Use the primary_term field to identify parent documents by s1monw · Pull Request #27469 · elastic/elasticsearch

s1monw · 2017-11-21T09:03:32Z

This change stops indxing the _primary_term field for nested documents
to allow fast retrieval of parent documents. Today we create a docvalues
field for children to ensure we have a dense datastructure on disk. Yet,
since we only use the primary term to tie-break on when we see the same
seqID on indexing having a dense datastructure is less important. We can
use this now to improve the nested docs performance and it's memory footprint.

Relates to #24362

This change stops indxing the `_primary_term` field for nested documents to allow fast retrieval of parent documents. Today we create a docvalues field for children to ensure we have a dense datastructure on disk. Yet, since we only use the primary term to tie-break on when we see the same seqID on indexing having a dense datastructure is less important. We can use this now to improve the nested docs performance and it's memory footprint. Relates to elastic#24362

bleskes

This looks good to me. I can't speak to the implications on the lucene side - like whether we want to index an illegal value (0) for the primary term vs using the mentioned bitset and the exists query. I presume the bit set will be faster for reads and probably smaller index wise (as the doc values will be compressed better).
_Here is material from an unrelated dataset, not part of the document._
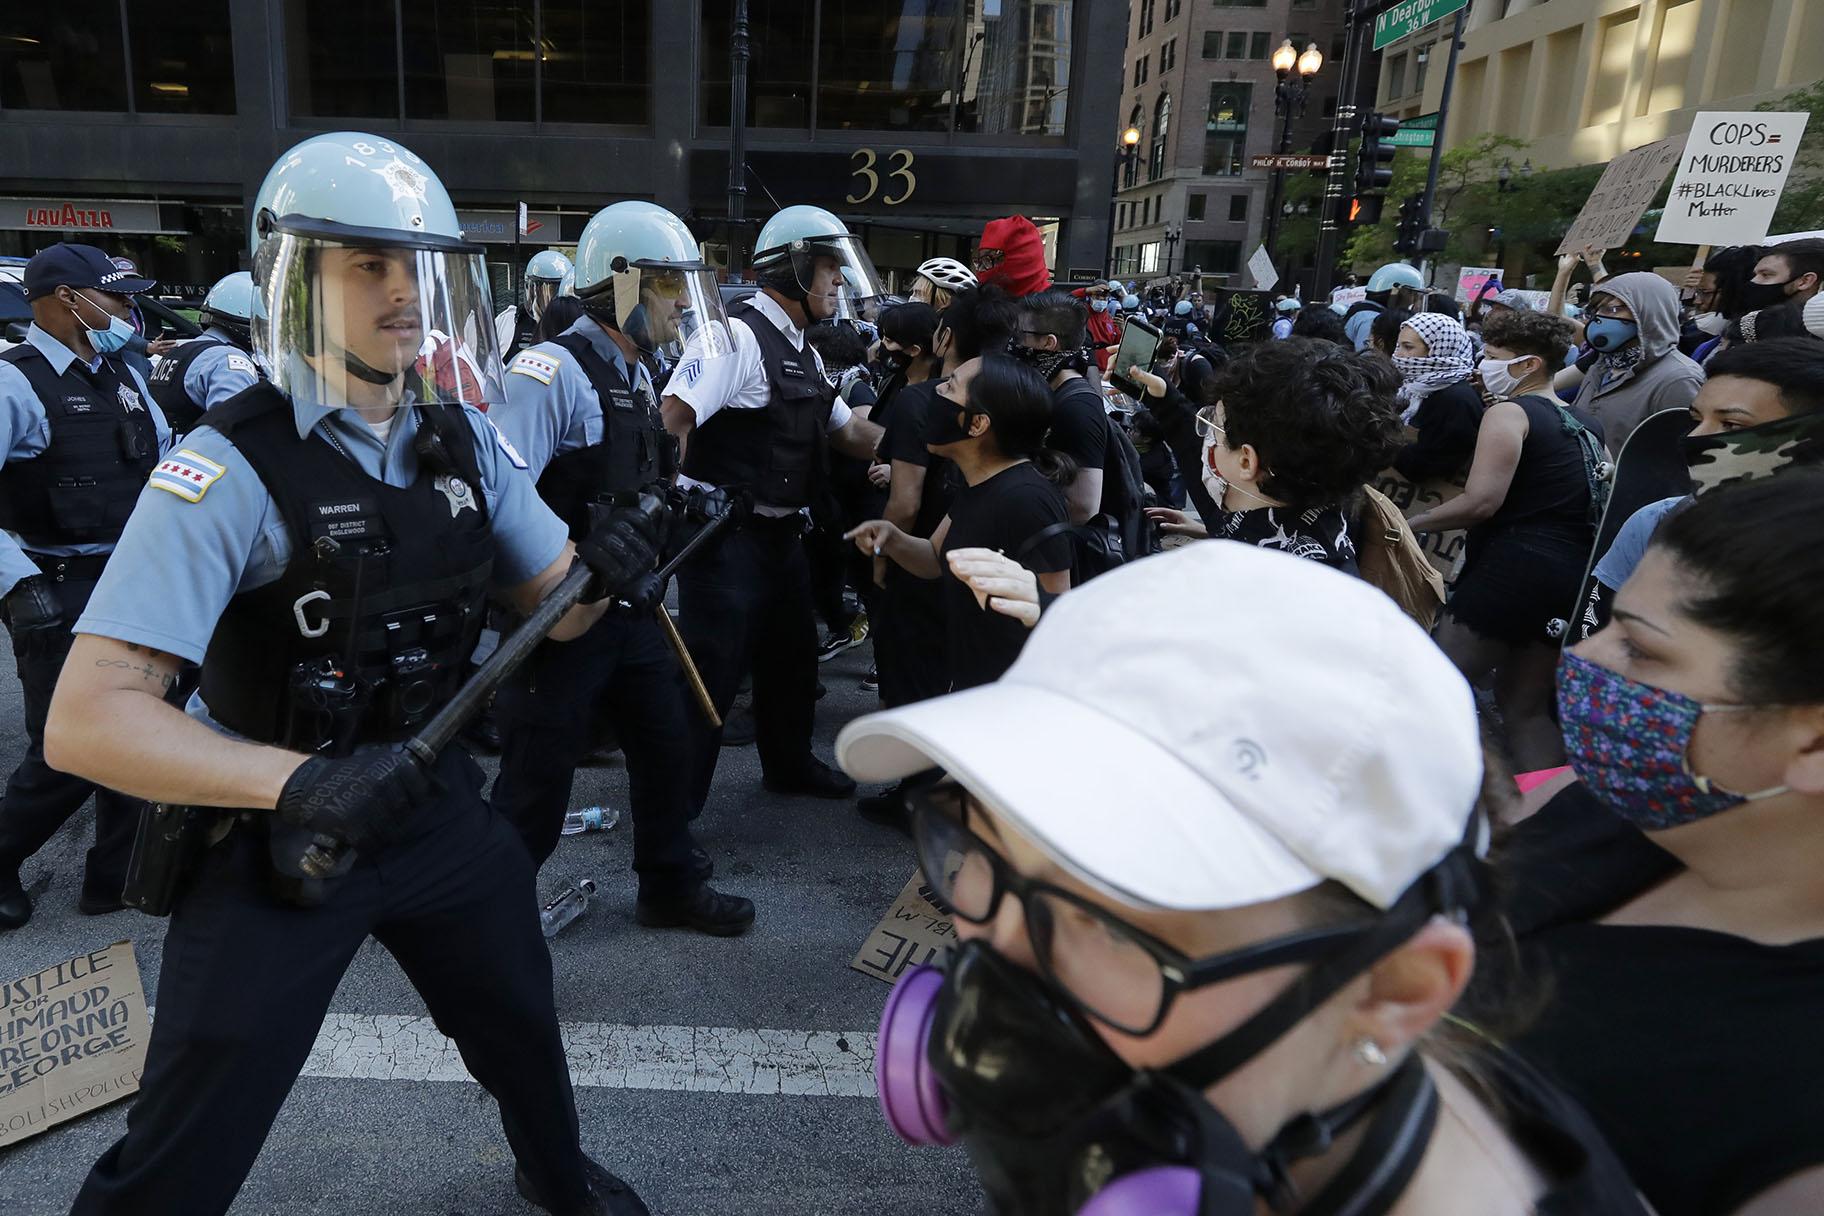 Chicago Police officers and protesters clash during a protest over the death of George Floyd in Chicago, Saturday, May 30, 2020. Floyd died after being taken into custody and restrained by Minneapolis police on Memorial Day in Minnesota. (AP Photo / Nam Y. Huh)

bleskes · 2017-11-21T09:17:47Z

core/src/main/java/org/elasticsearch/index/mapper/SeqNoFieldMapper.java

            doc.add(seqID.seqNo);
            doc.add(seqID.seqNoDocValue);
-            doc.add(seqID.primaryTerm);
+            if (includePrimaryTerm) {


can we add a comment saying that primary terms are used to distinguish between top level (parent) docs and nested ones.

+1 will do that

martijnvg

LGTM! I left a few small comments.

martijnvg · 2017-11-21T09:52:24Z

core/src/test/java/org/apache/lucene/search/QueriesTests.java

        // This is a custom query that extends AutomatonQuery and want to make sure the equals method works
-        assertEquals(Queries.newNonNestedFilter(), Queries.newNonNestedFilter());
-        assertEquals(Queries.newNonNestedFilter().hashCode(), Queries.newNonNestedFilter().hashCode());
+        Version version = VersionUtils.randomVersion(random());


instead of a random version maybe also test both pre 7.0.0 and post 7.0.0 specifically?
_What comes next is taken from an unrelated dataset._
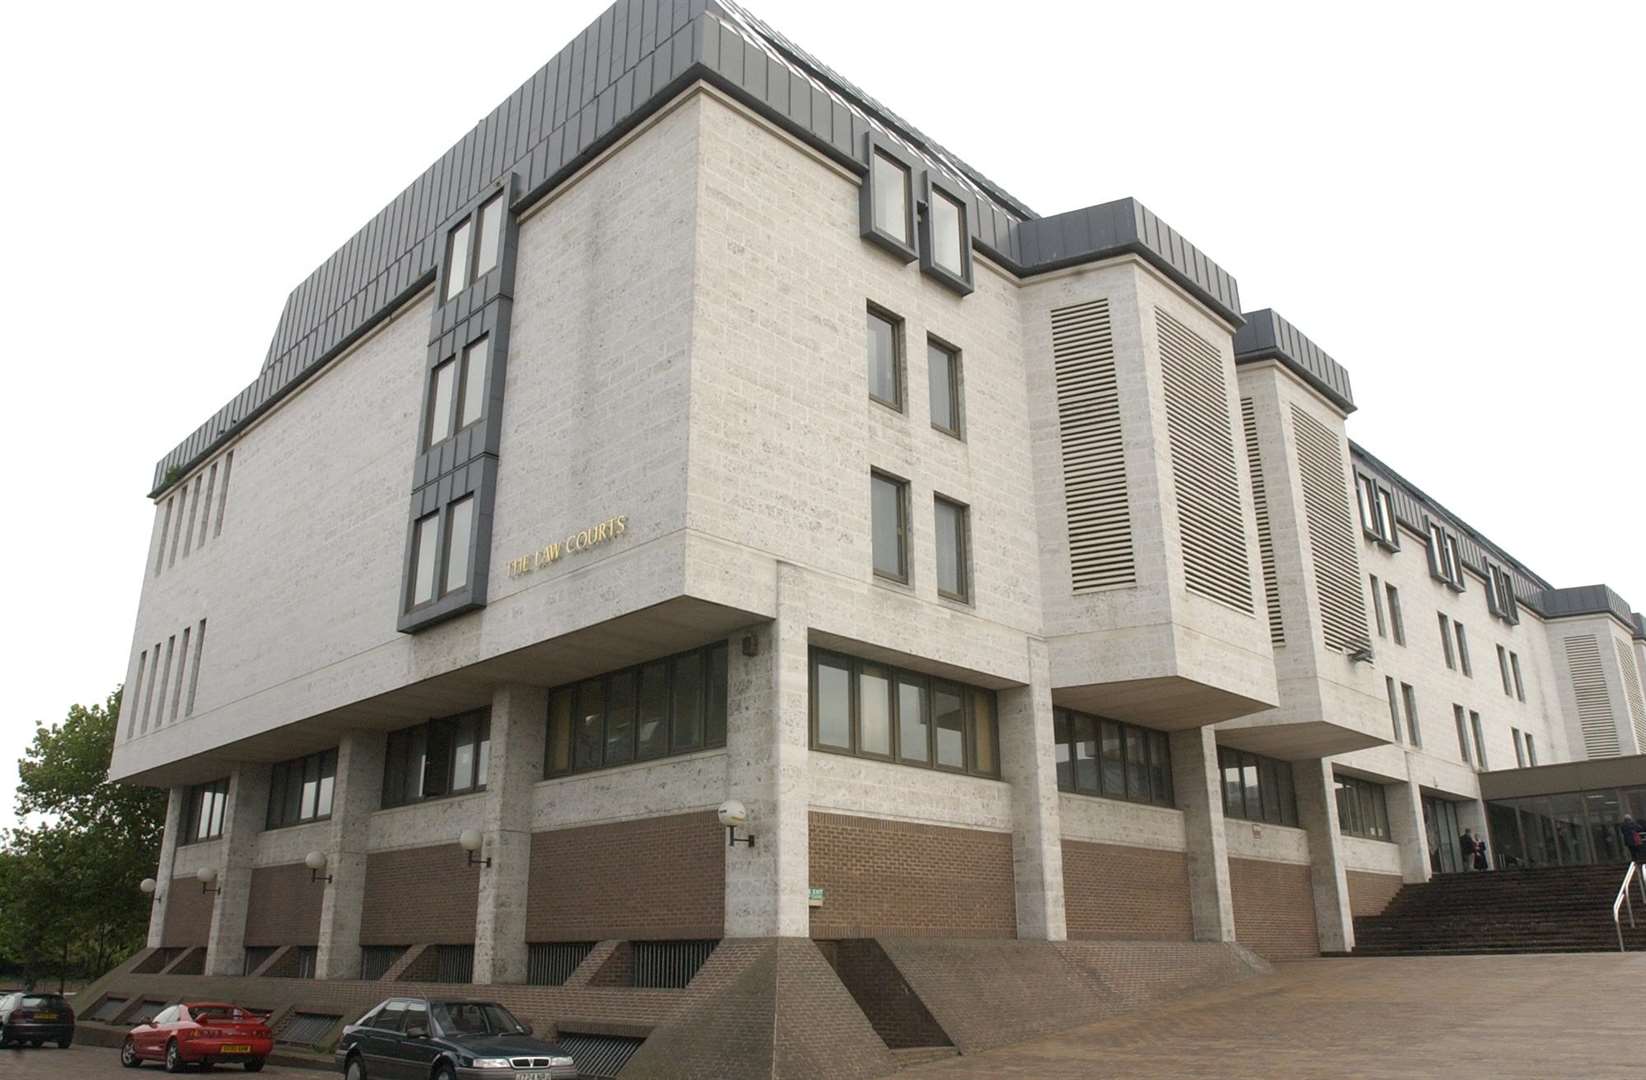 Picture of Maidstone Crown Court for stock. Provider: Stock (2817119)

I added a test that checks all versions

martijnvg · 2017-11-21T09:53:15Z

...src/test/java/org/elasticsearch/search/aggregations/bucket/nested/NestedAggregatorTests.java


                BooleanQuery.Builder bq = new BooleanQuery.Builder();
-                bq.add(Queries.newNonNestedFilter(), BooleanClause.Occur.MUST);
+                bq.add(Queries.newNonNestedFilter(Version.CURRENT), BooleanClause.Occur.MUST);


randomize version? The test should be able to handle both the old and new way.

martijnvg · 2017-11-21T10:00:58Z

core/src/main/java/org/elasticsearch/index/mapper/SeqNoFieldMapper.java

        assert seqID != null;
-        for (int i = 1; i < context.docs().size(); i++) {
+        int numDocs = context.docs().size();
+        final Version versionCreated = context.mapperService().getIndexSettings().getIndexVersionCreated();


not related to this change, but I think we should have add QueryShardContext#getIndexVersionCreated() helper method that does this: mapperService().getIndexSettings().getIndexVersionCreated().

Arg... I meant ParseContext#getIndexVersionCreated()

I will open a followup but I think we need to have a more common class across all index level contexts maybe a base class?

jpountz

The change looks good to me, thanks for tackling it.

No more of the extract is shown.